[Data entries]
------

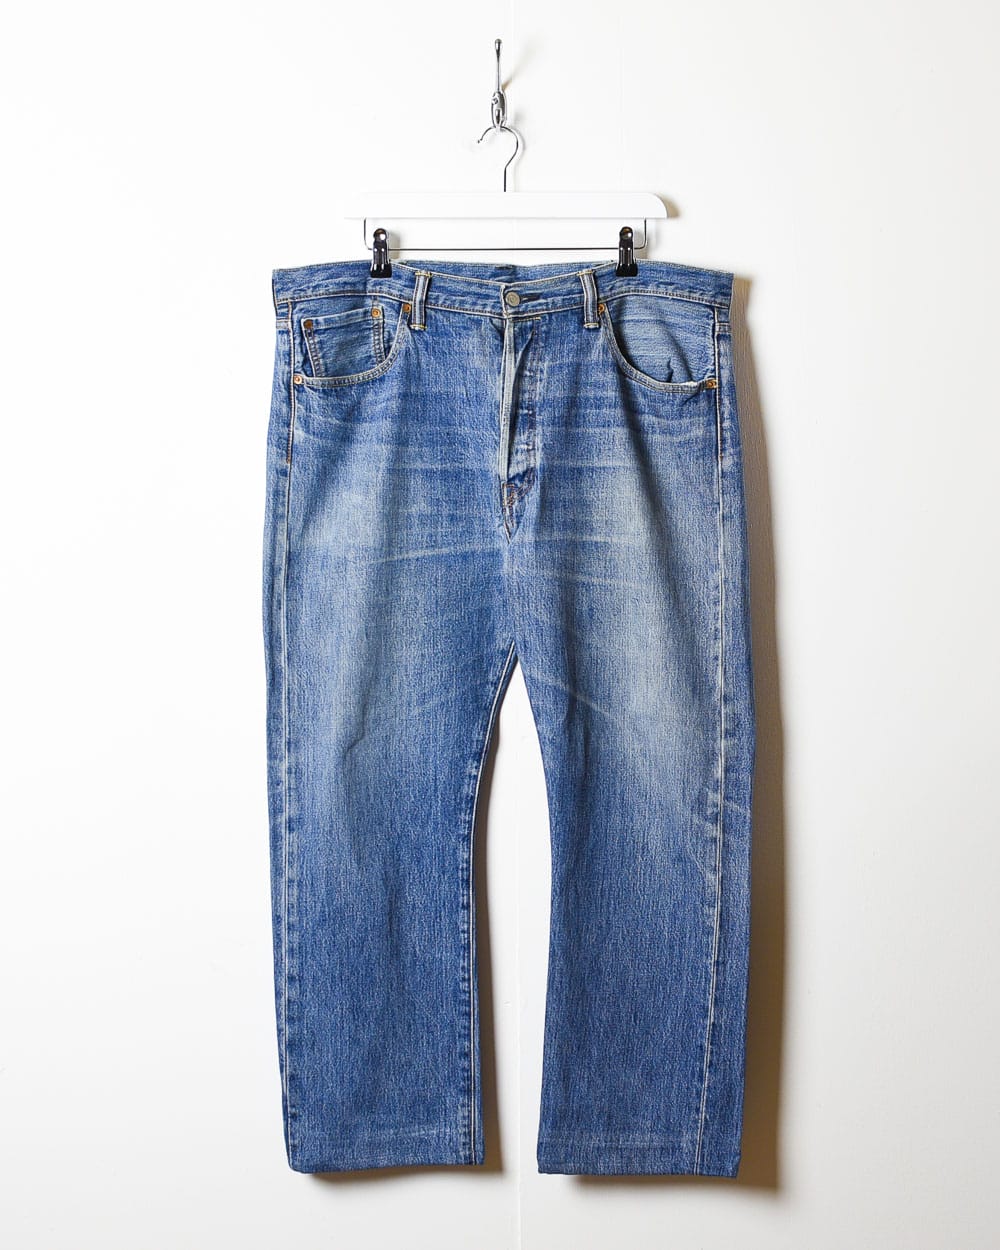 Blue Levi's 501 Jeans - W40 L29
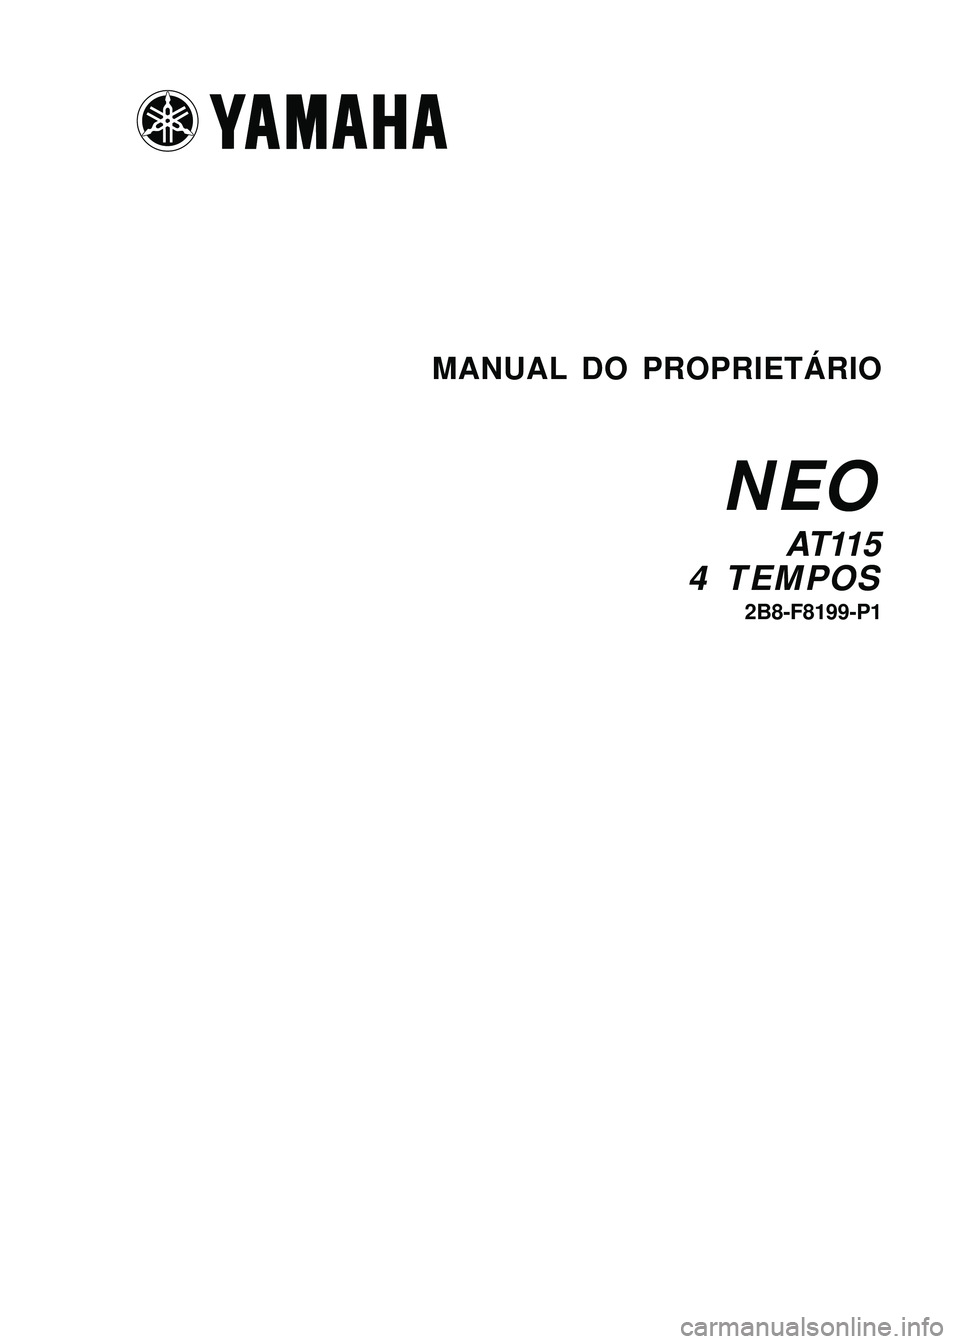 YAMAHA NEO115 2006  Manual de utilização (in Portuguese) I
I2B8-F8199-P1
AT 11 5
4 TEMPOS
MANUAL DO PROPRIETÁRIO
NEO
2B8-F8199-P1
AT 11 5
4 TEMPOS
MANUAL DO PROPRIETÁRIO
NEO

------

** PROBLEM DETAILS **
Above are the records; print them all exactly and keep the pictures out.

** WRITTEN SOLUTION **
 Blue Levi's 501 Jeans - W40 L29
 YAMAHA NEO115 2006  Manual de utilização (in Portuguese) I
I2B8-F8199-P1
AT 11 5
4 TEMPOS
MANUAL DO PROPRIETÁRIO
NEO
2B8-F8199-P1
AT 11 5
4 TEMPOS
MANUAL DO PROPRIETÁRIO
NEO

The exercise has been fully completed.